Loose stools can be temporary; often due to an infection, irritation or during or after a course of antibiotics. Occasionally loose stools become a constant feature leading to discomfort, uncertainty and have a significant impact on day to day activities. Waste that moves quickly from your stomach to the toilet is usually due to a digestive tract that has been irritated.

This fast movement can cause issues with digestion and absorption of nutrients. Food needs to spend enough time in the small intestine to allow for optimal absorption. There can be issues with absorption of fat and possible dehydration too. 

What causes loose stools? Loose stools can occur due to infection from parasites – giardia, cryptosporidium, or bacteria – campylobacter, shigella, salmonella, clostridium, e.coli and staphylococcus. Sometimes it comes on after using antibiotics when the gut flora have been significantly altered. 

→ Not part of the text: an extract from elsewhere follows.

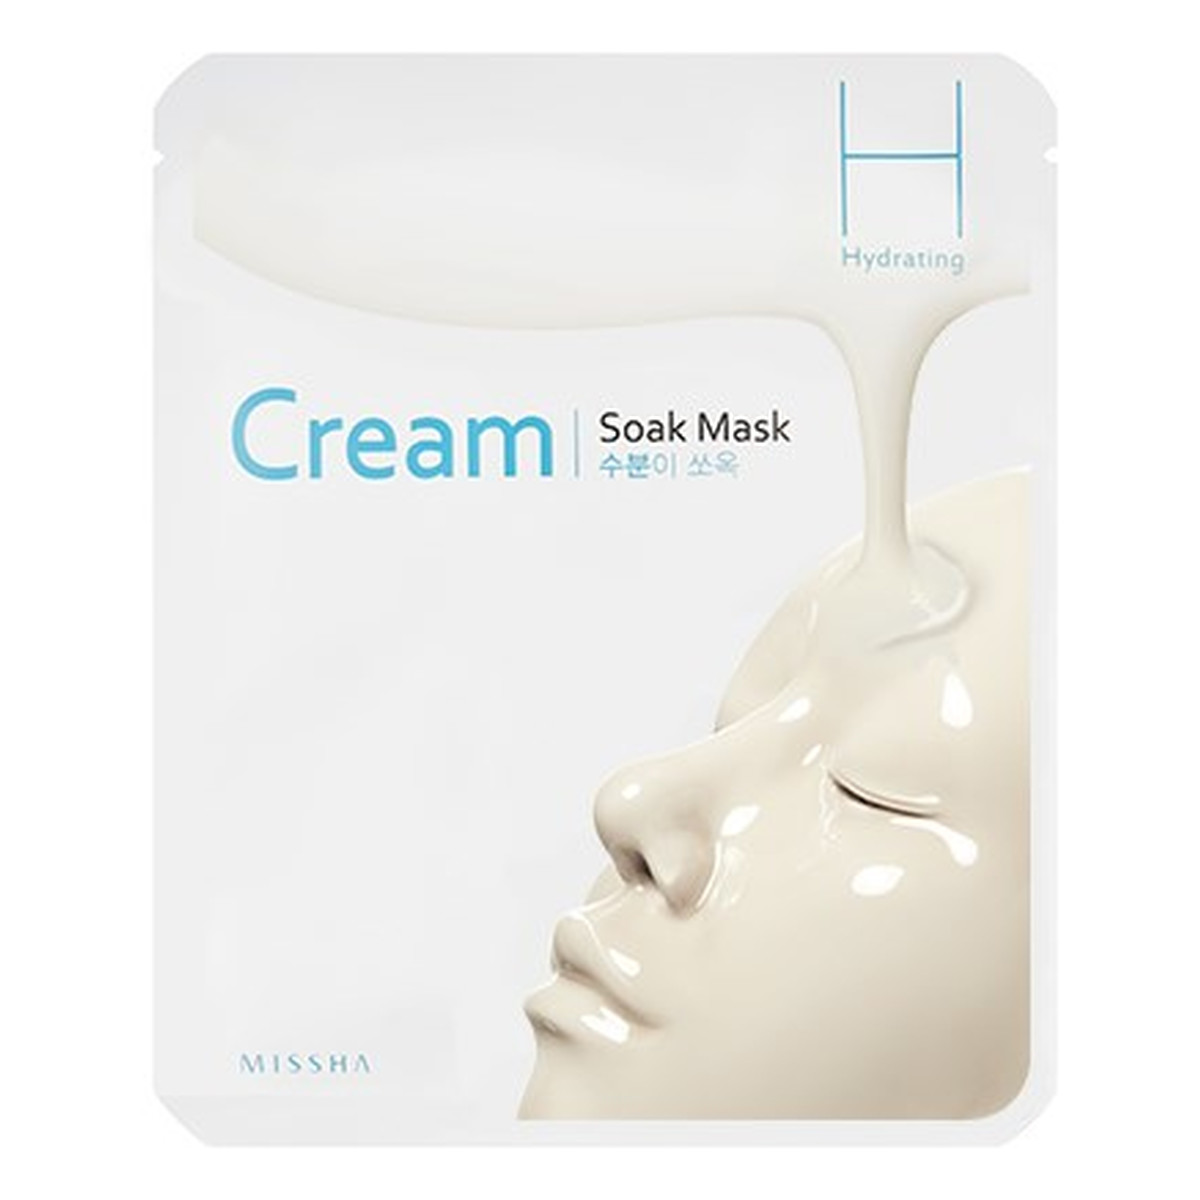 Missha Cream-Soak Mask Hydrating Nawadniająca Maseczka W Płachcie 23g

What we eat and drink can be major factors that affect our gut function. Foods we are intolerant to, that we struggle to digest or alcohol intake can be problematic. Excessive use of sweeteners can also cause loose bowel movements. If you have a family history of coeliac disease then it is worth seeing your GP to rule this out as a possible cause. Coeliac disease can begin at any point, diagnosis is most common between 40 and 60 years old.

Emotional stress can also affect bowel transit time, as can physical stress – for example over-exercising. Over 60% of athletes in one study reported lower bowel issues after exercising. Careful choices and timing of food before exercising can help as can staying hydrated. However, it is possible that the re-distribution of blood flow can be a factor in athlete’s diarrhoea. 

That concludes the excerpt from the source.